This post will be about a magazine, not a newspaper, but close enough.

While digging through my research files over the weekend, I stumbled across a handful of diet and health articles from TIME magazine online. If you’ve ever wondered why people are so confused about diets and calories and weight gain, just poke through old issues of TIME. Despite all appearing in the same publication, the articles contradict each other. Perhaps that’s TIME magazine’s version of objective reporting: don’t just quote both sides in a debate — argue both sides yourself.

Let’s start with a 2012 article titled It’s the Calories, Stupid. That article was about a study conducted by George Bray, who concluded that macronutrients make no difference for weight loss … even though the carbohydrate content was the same in the diets he tested. I wrote about that study in this post, but here’s what TIME magazine had to say:

When it comes to weight gain, it’s all about the calories.

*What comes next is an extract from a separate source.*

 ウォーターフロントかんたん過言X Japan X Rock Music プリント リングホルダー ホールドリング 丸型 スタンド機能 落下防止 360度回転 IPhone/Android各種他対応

That might seem obvious, but popular diets continue to suggest that lowering or increasing certain dietary components — carbs or protein, say — is the key to weight loss. A clever new study by researchers at Pennington Biomedical Research Center in Baton Rouge shows, however, that it’s not what you eat but how much that matters when it comes to body weight.

Okay, so it’s all about calories, period. Calories in, calories out. Got it. Thanks, TIME magazine.

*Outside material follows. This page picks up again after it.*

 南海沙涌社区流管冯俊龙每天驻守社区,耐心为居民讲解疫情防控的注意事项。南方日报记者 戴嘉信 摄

I found that article so enlightening, I moved on to another titled For Weight Loss Success, Think About When, Not Just What, You Eat:

Timing is everything for losing weight.

Say what? I’m pretty sure you just informed me it’s all about the calories, stupid. George Bray said so.

In a study published in the International Journal of Obesity, the scientists monitored 420 overweight participants on a 20-week weight loss program in Spain. The volunteers were split into two groups: early-eaters and late-eaters. Since lunch is considered the largest meal in Spain–about 40% of the day’s calories are consumed in the mid-day meal–half the participants ate lunch before 3 p.m. while the remainder ate lunch after 3 p.m.

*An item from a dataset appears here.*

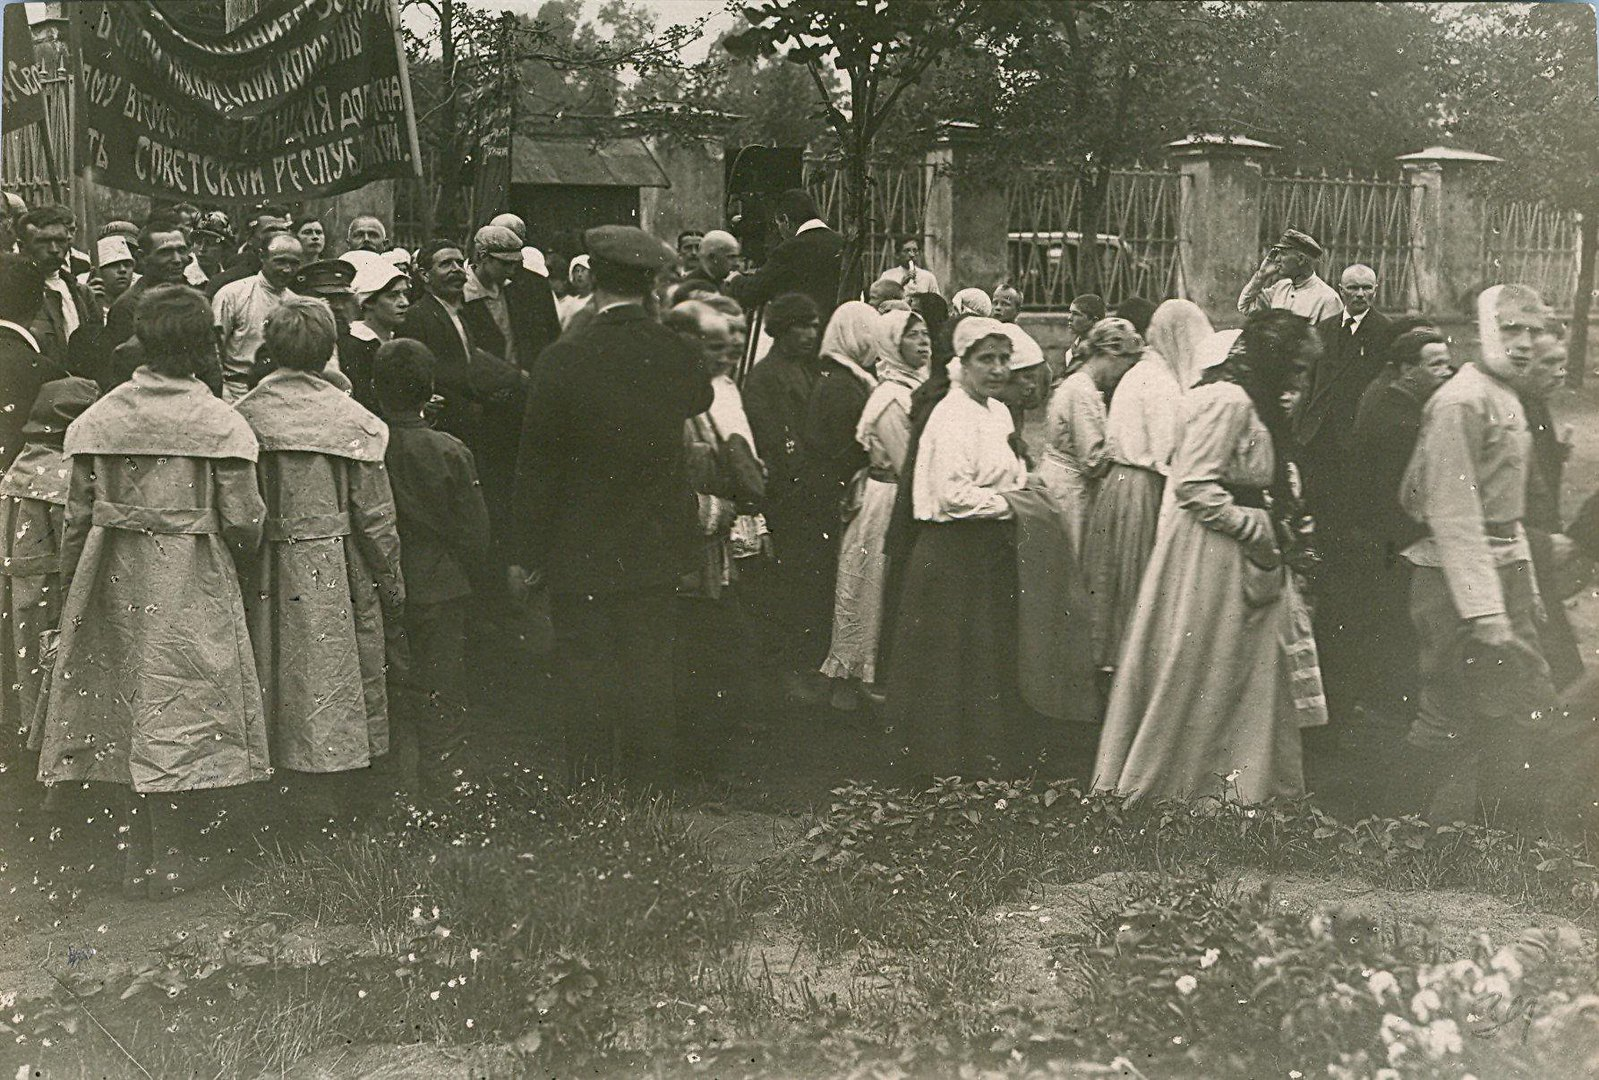 19. 1920. 19 июля. В день торжественного открытия II конгресса Коминтерна у Смольного

The late-eaters lost less weight overall, and shed pounds at a slower rate than those eating earlier. Those eating lunch later were more likely to skip breakfast or eat fewer calories, while the timing of breakfast and dinner didn’t influence weight loss effectiveness for either group.

Let me get this straight: the late-lunch eaters skipped breakfast and ate fewer calories, but they lost less weight. So now you’re telling me it’s all about the calories, stupid, unless if you consume your calories later in the day. Then you won’t lose as much weight despite eating less. Got it. Thanks, TIME magazine.

I guess at the very least, we can agree that if Americans would just consume fewer calories (preferably at an early lunch), the obesity rate would decline. To confirm that, I read the article titled Americans Are Eating Fewer Calories, So Why Are We Still Obese?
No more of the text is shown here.